#### Task brief:
The required answer is the data below, restated word for word with images omitted.

#### Information shown:
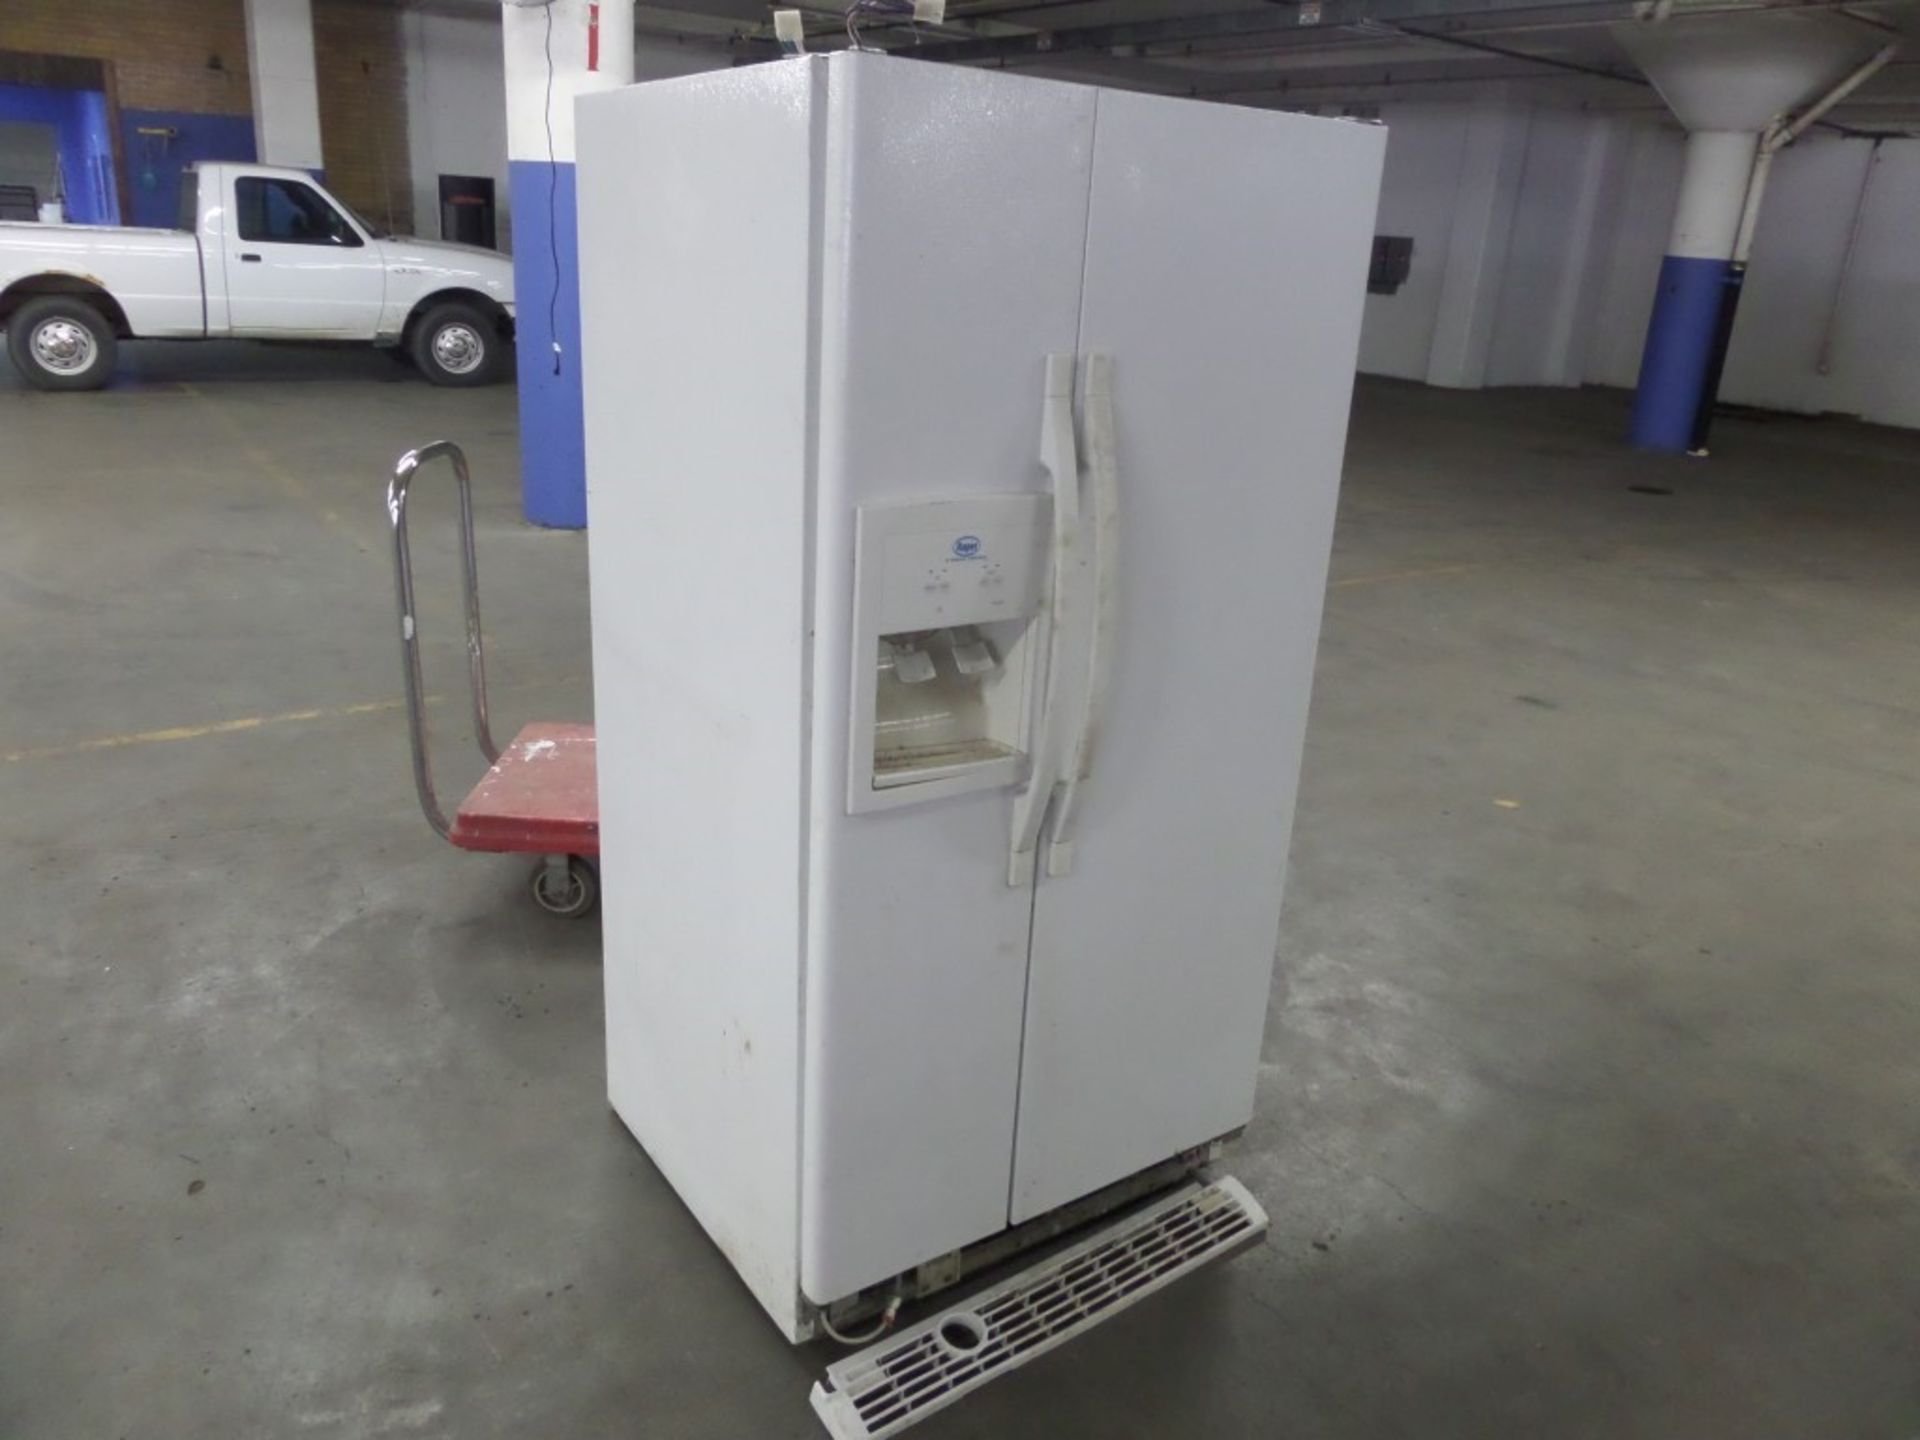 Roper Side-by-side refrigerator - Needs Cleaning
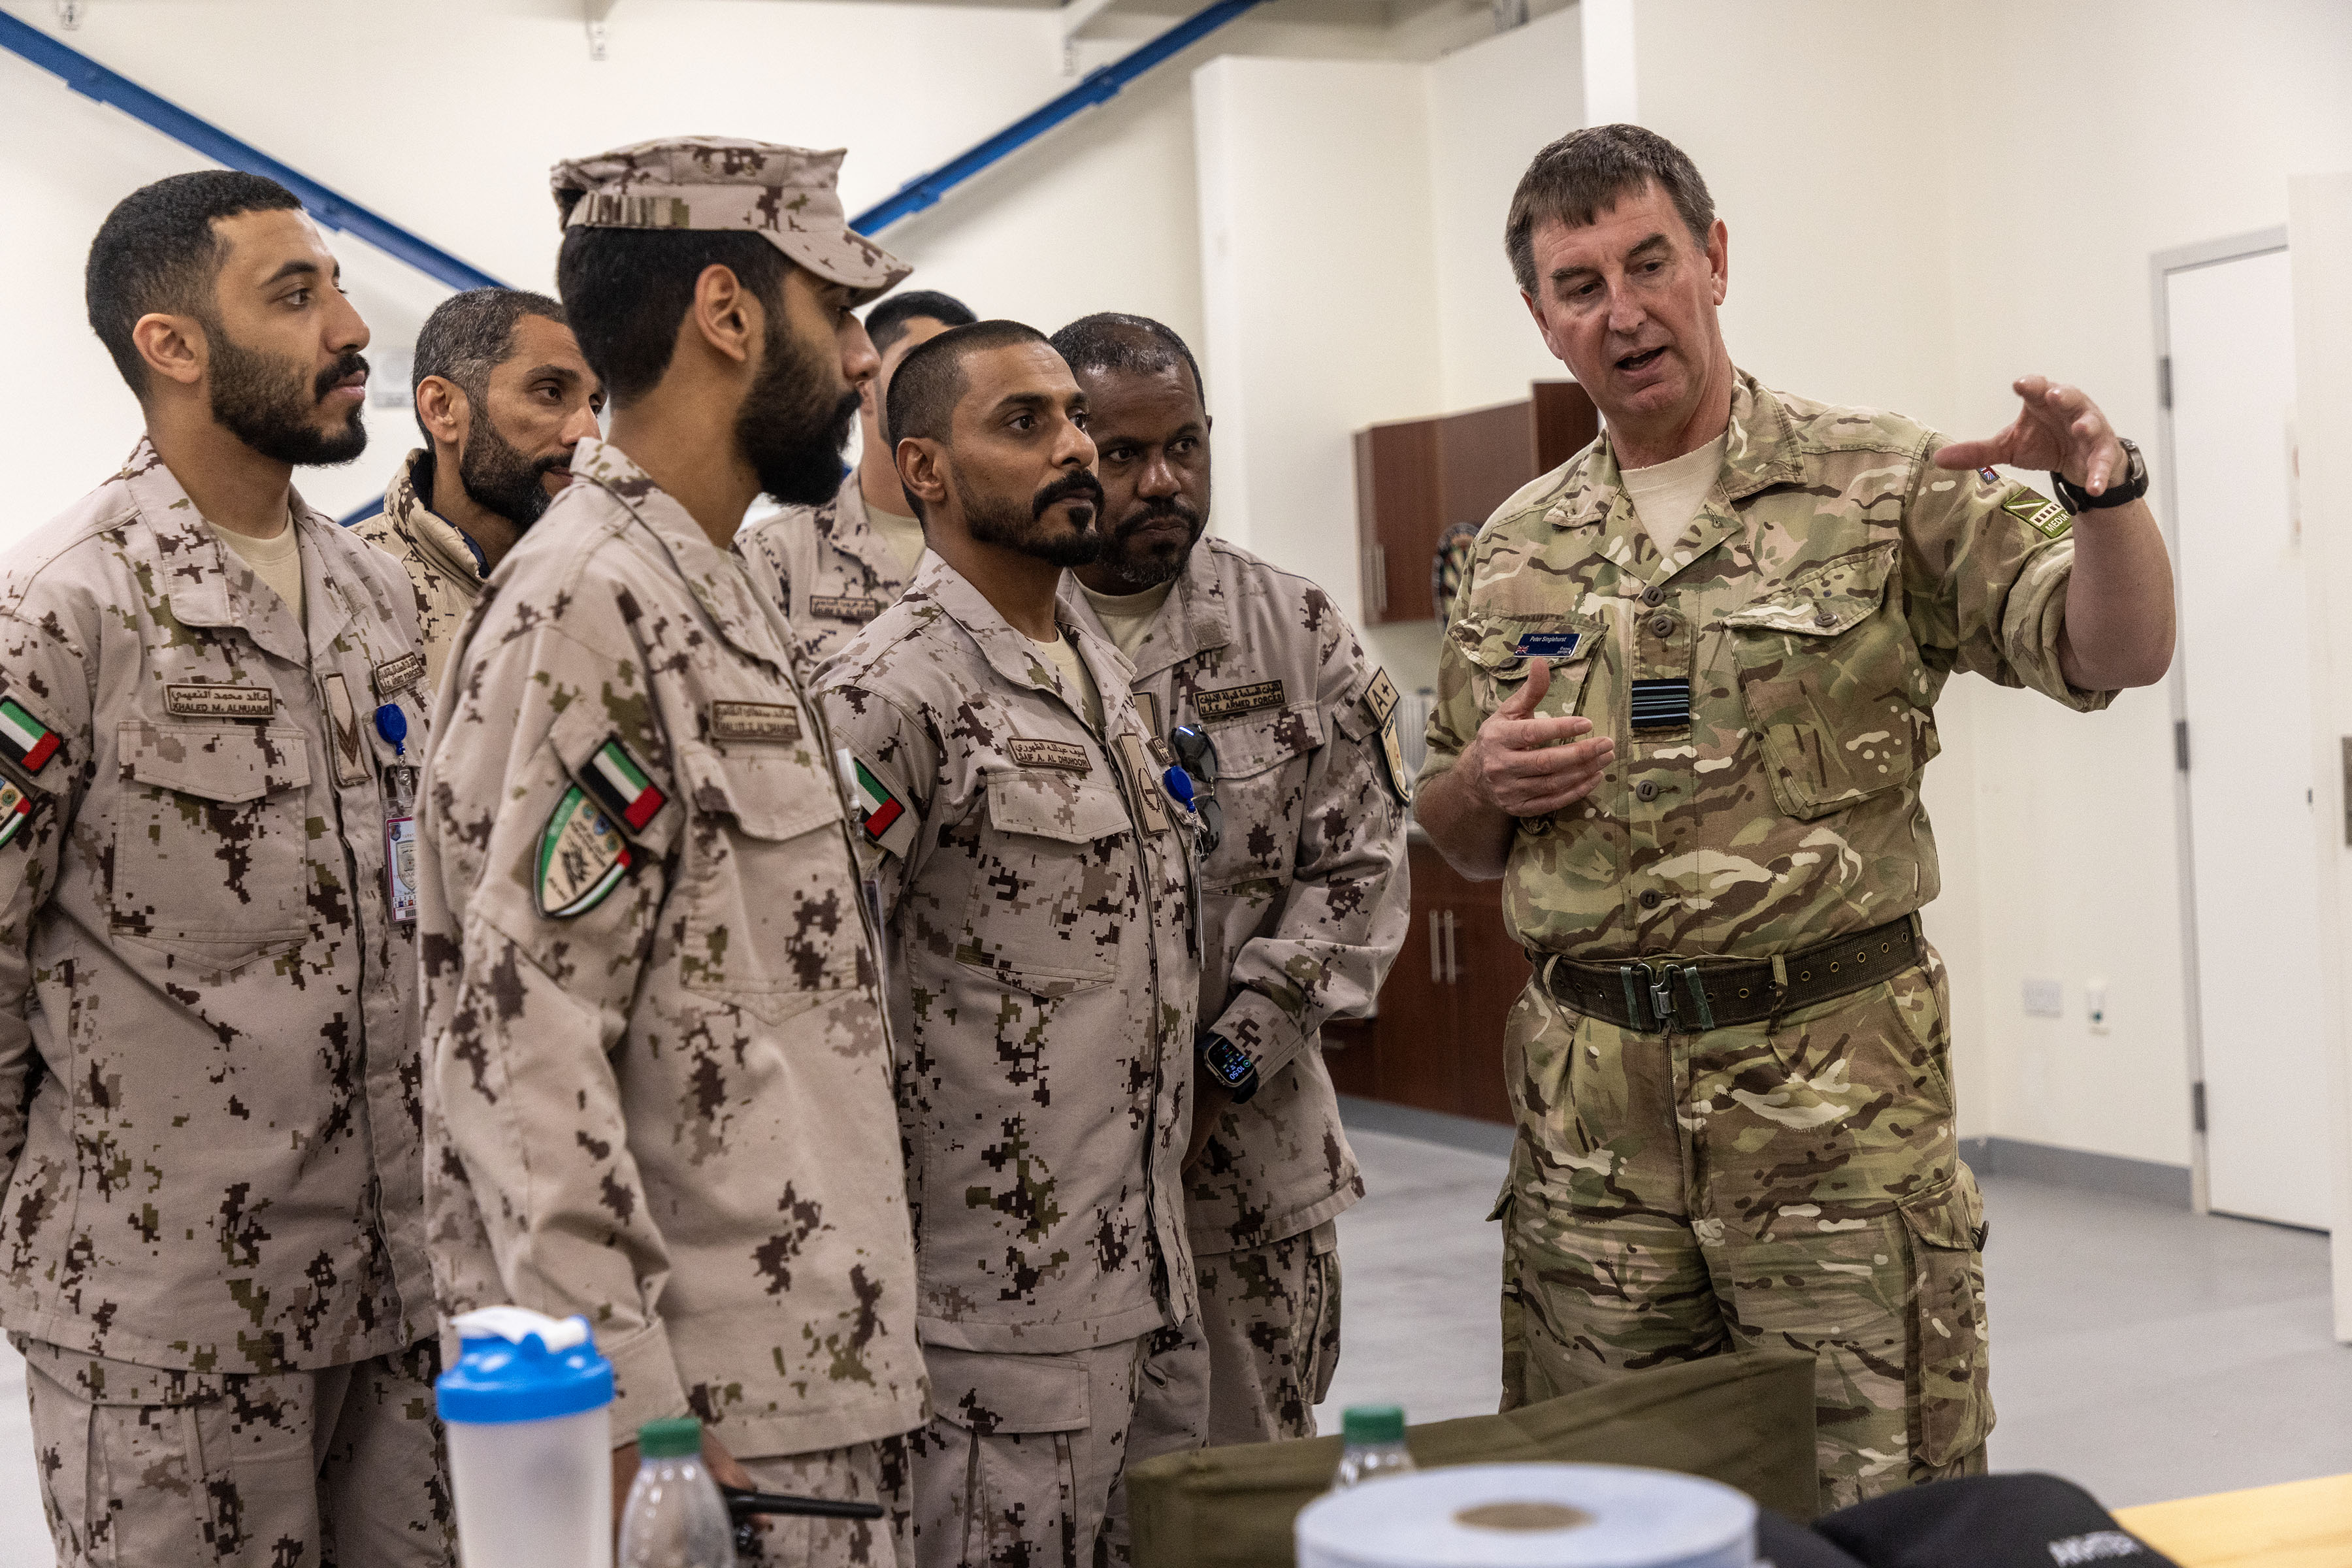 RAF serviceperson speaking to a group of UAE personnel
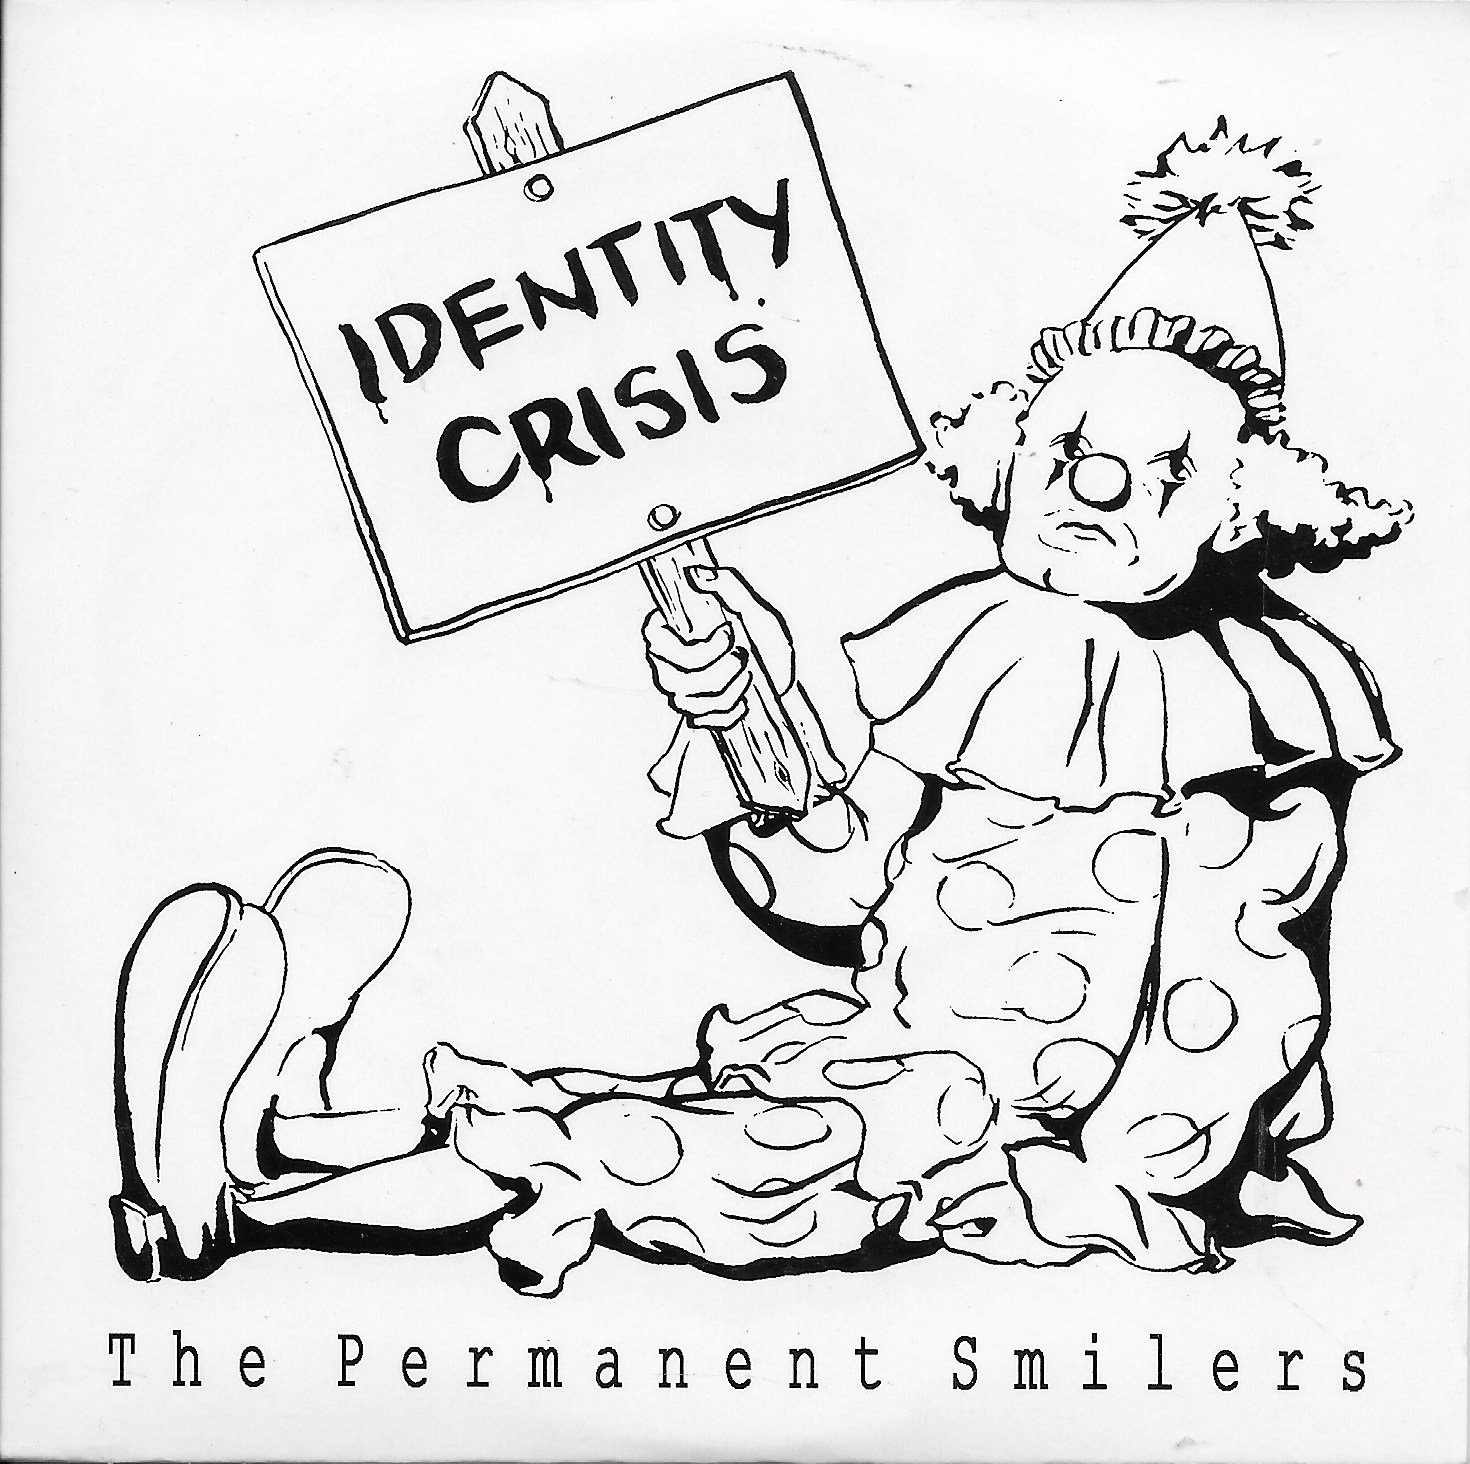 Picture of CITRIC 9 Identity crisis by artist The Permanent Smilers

#### Result:
 Roper Side-by-side refrigerator - Needs Cleaning
 RAF serviceperson speaking to a group of UAE personnel
 Picture of CITRIC 9 Identity crisis by artist The Permanent Smilers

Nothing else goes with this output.